I have a older Shindawa string trimmer, model SE18U Serial # 4055178. The fuel pump on the carb is bad. It has a TK 4J8WB1 Carburetor. This is a slide throttle carb. Does anyone know where I can get a new carb? or possible a new rebuild kit. My carburetor catalogs don't list the TK carbs. Thanks for the help.


----------



## 30yearTech (Sep 14, 2006)

Probably going to have to try a Shindaiwa dealer and see if it's still available. I have yet been able to outsource TK carburetors.


----------



## RKDOC (Jun 20, 2006)

this trimmer is old enough that Shindawa does not list it any more. Thanks 30 Year Tech.


----------



## bill18163 (Jun 16, 2011)

*TK Carb*

I have a string trimmer that is 24 years old. I bought it in 1987. I have never had to do anything to it other than regular maintenance such as spark plugs,air filters,cleaning and remove carbon from exhaust port once in a while. It has a Kawasaki TD33 engine and was sold by TCM Power. I just bought a new one from them. Same engine and built almost the same as the old one. Just cost a little more than the one 24 years ago!!! Anyway. I was going to post on this forum today(my first post) and ask if anyone could help me ID the carb on my old machine. It has a TK logo with Japan written under it and what looks like 5G0850B stamped on the carb. Then I ran across this post so I guess I have what is called a TK carb. I am going to rebuild the carb because it just started acting up on me. One of the problems that I had was that the air filter housing warped and let dirt into the air filter area more than normal.
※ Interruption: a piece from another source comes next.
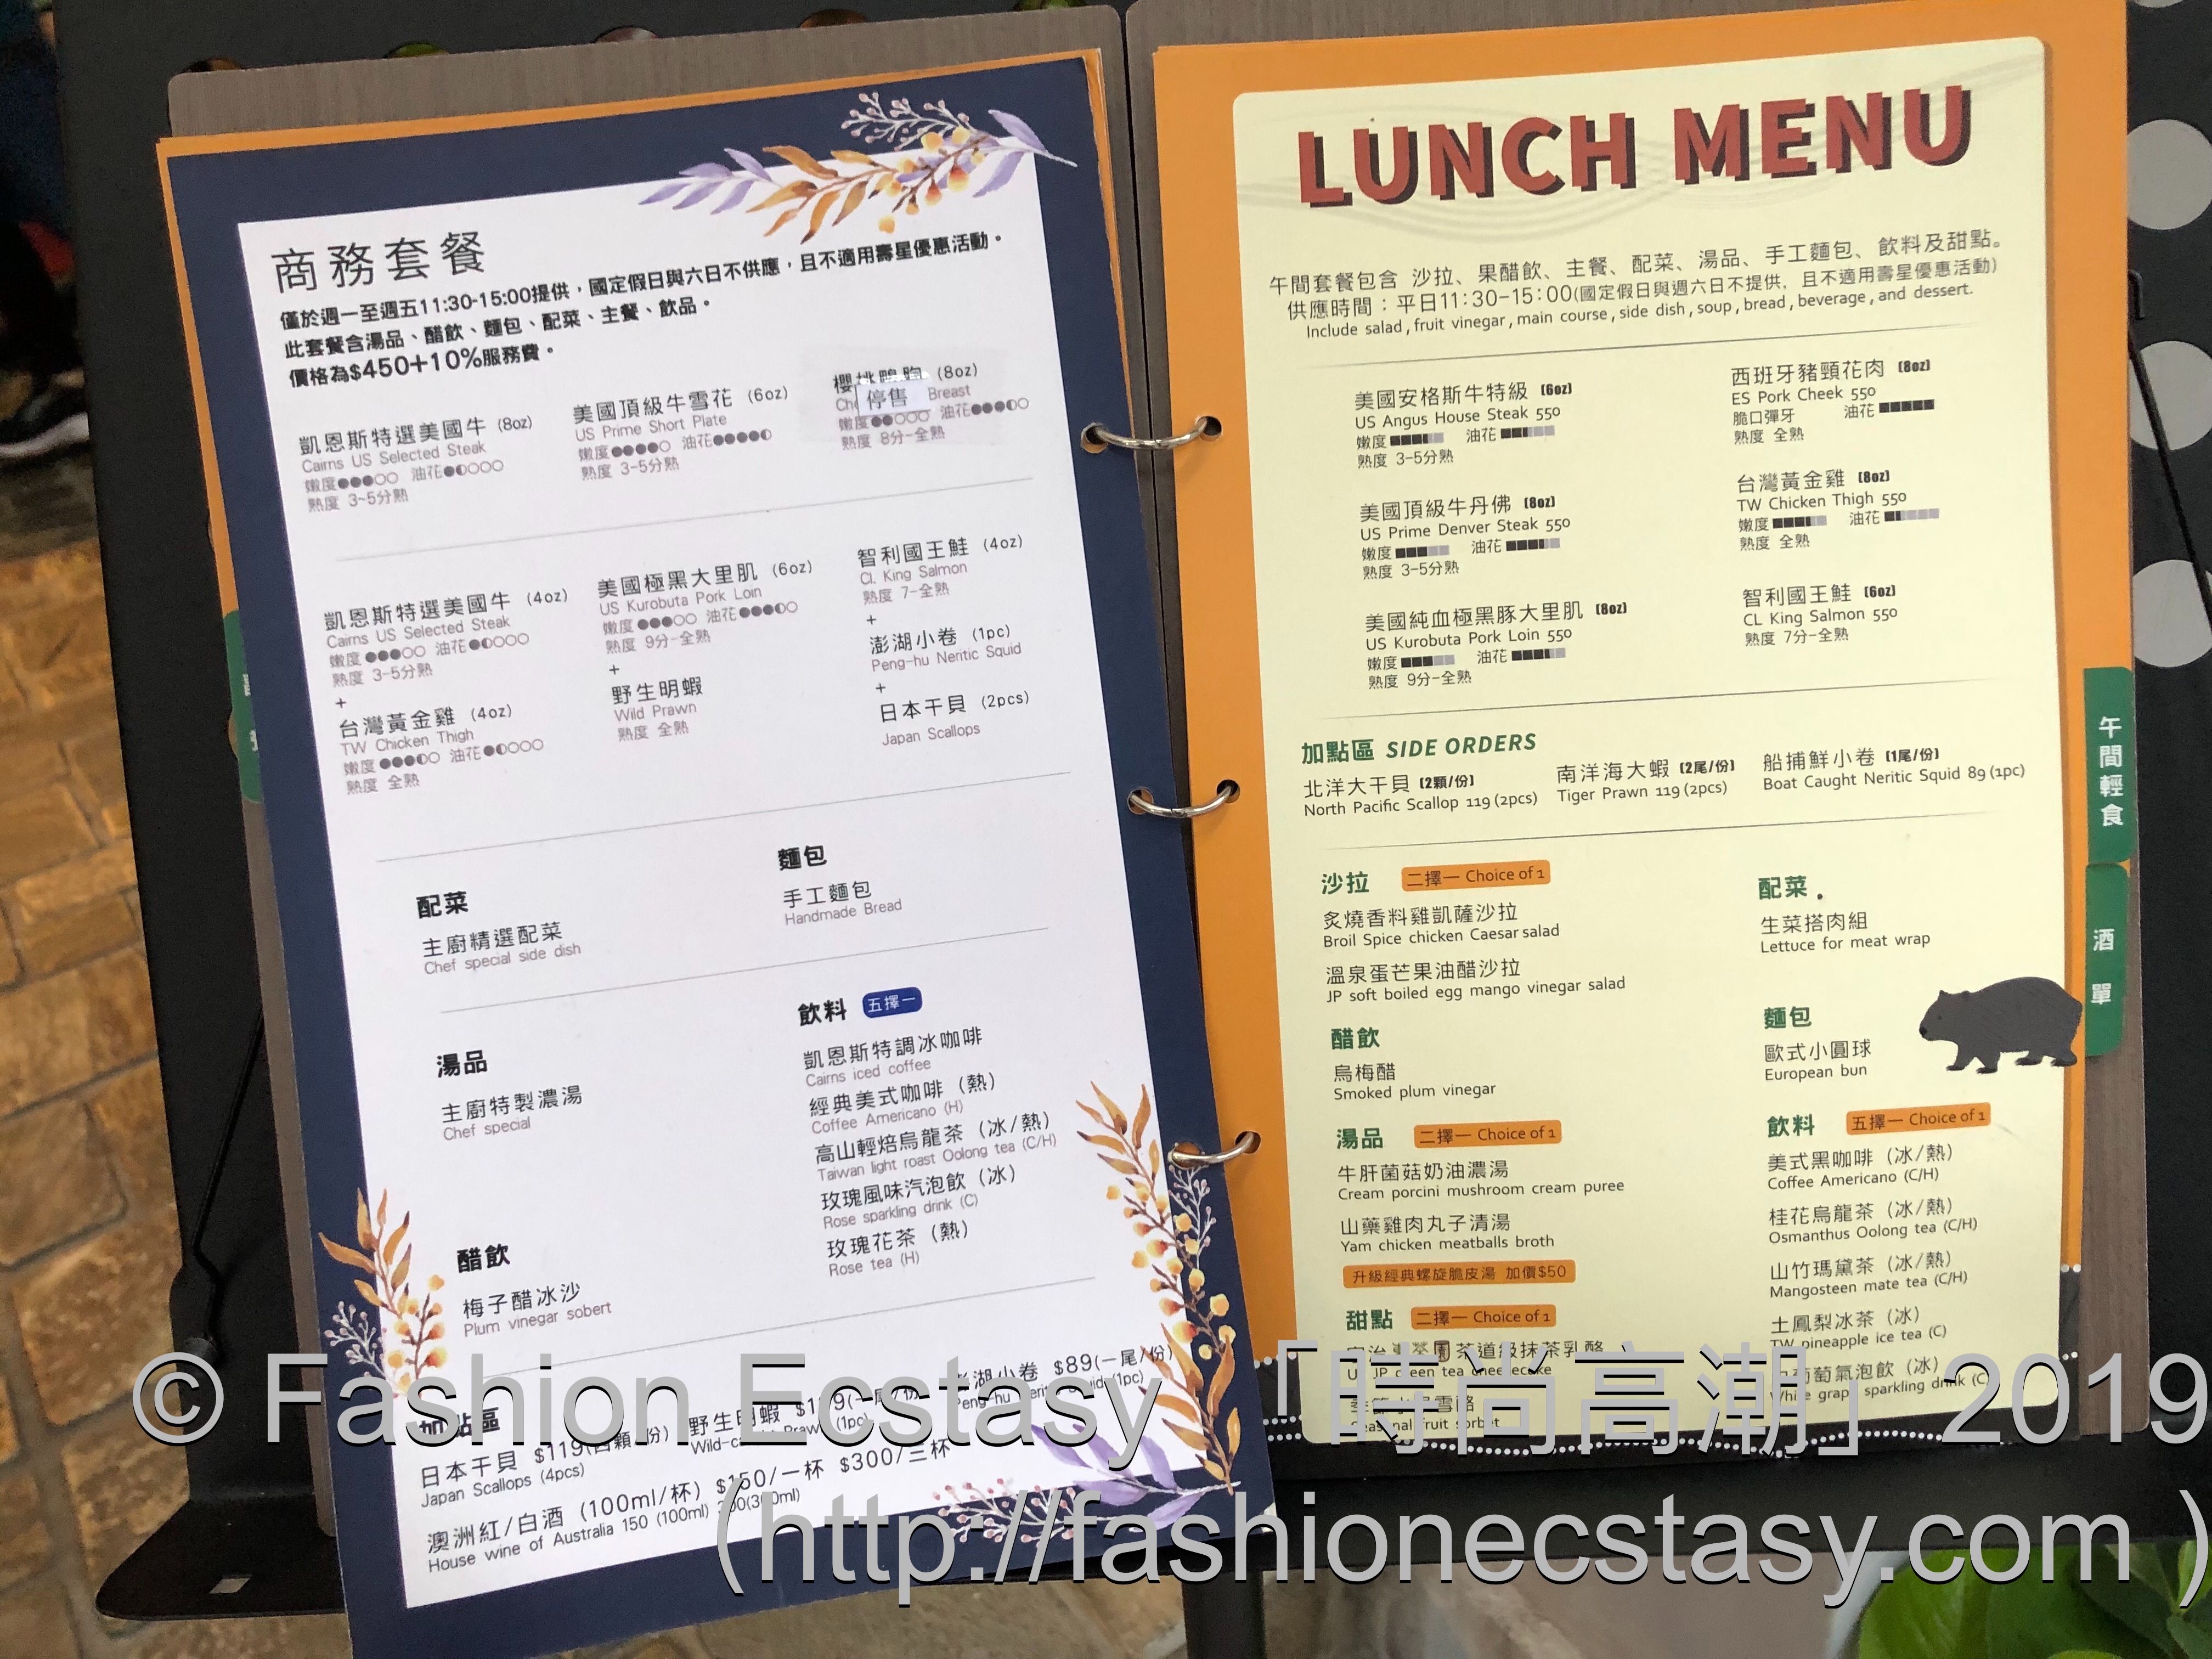 凱恩斯岩燒餐廳(大安店) 菜單 Menù / Cairns Stone Grill Restaurant Taipei menu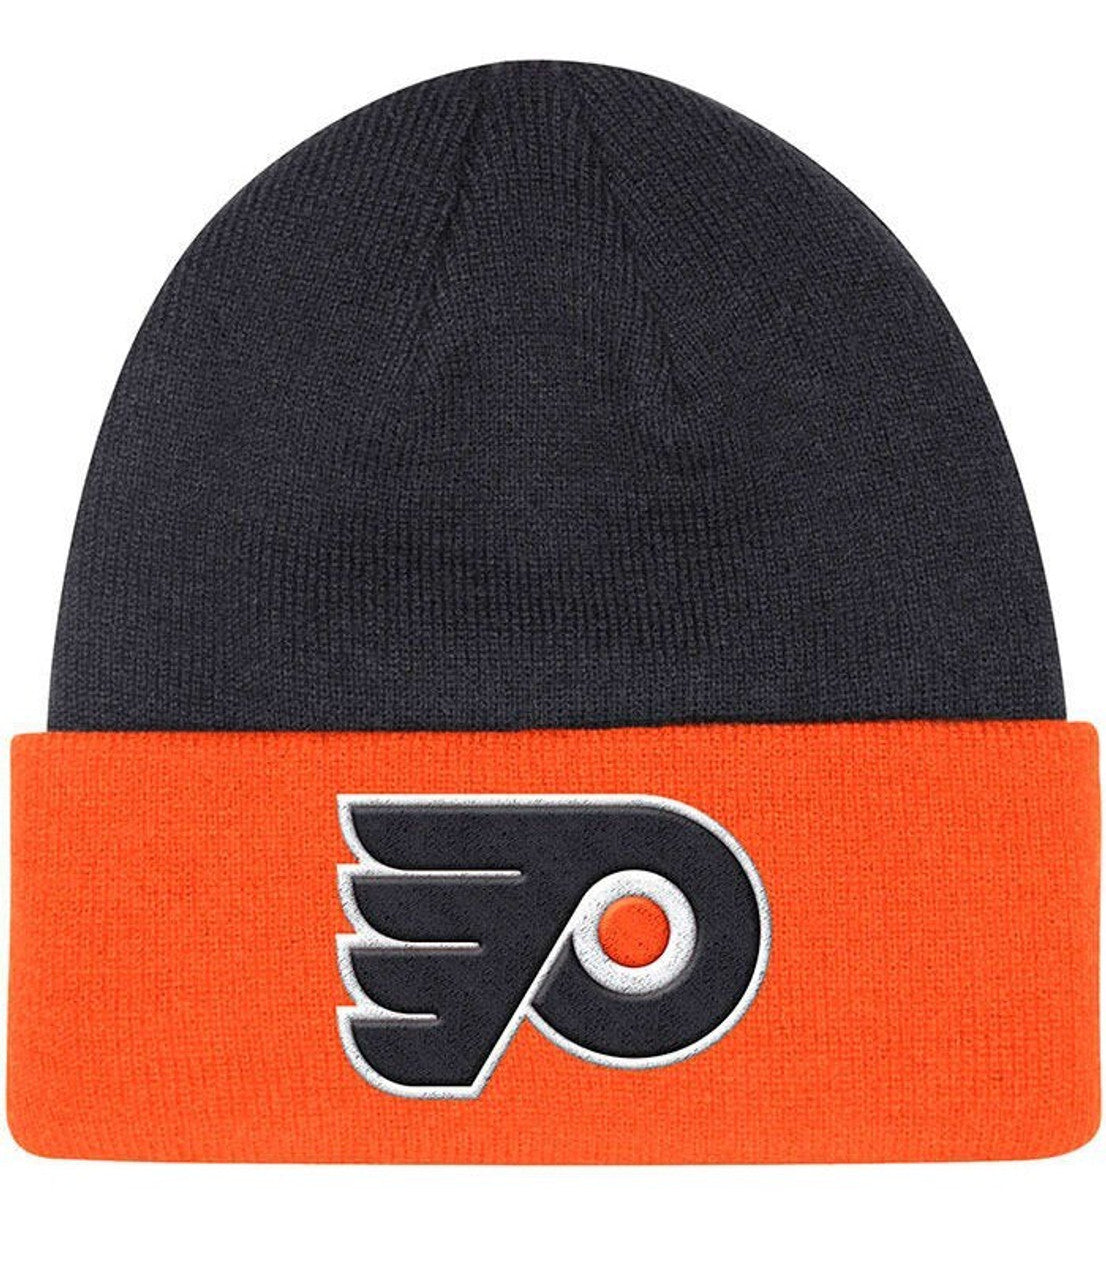 Philadelphia Flyers Sports Cuffed Knit Cap

Most of it got trapped in the sponge air filter but some dirt,etc. got past and the entrance to the carb was dirty so I assume a lot got inside the carb over time also. Can anyone direct me to rebuild instructions and a blow out view of this carb. I only know of two places that I have found to buy the kit for rebuilding the carb plus other parts I need. I do have a blow out view of the carb in my parts list but no rebuild instructions.


----------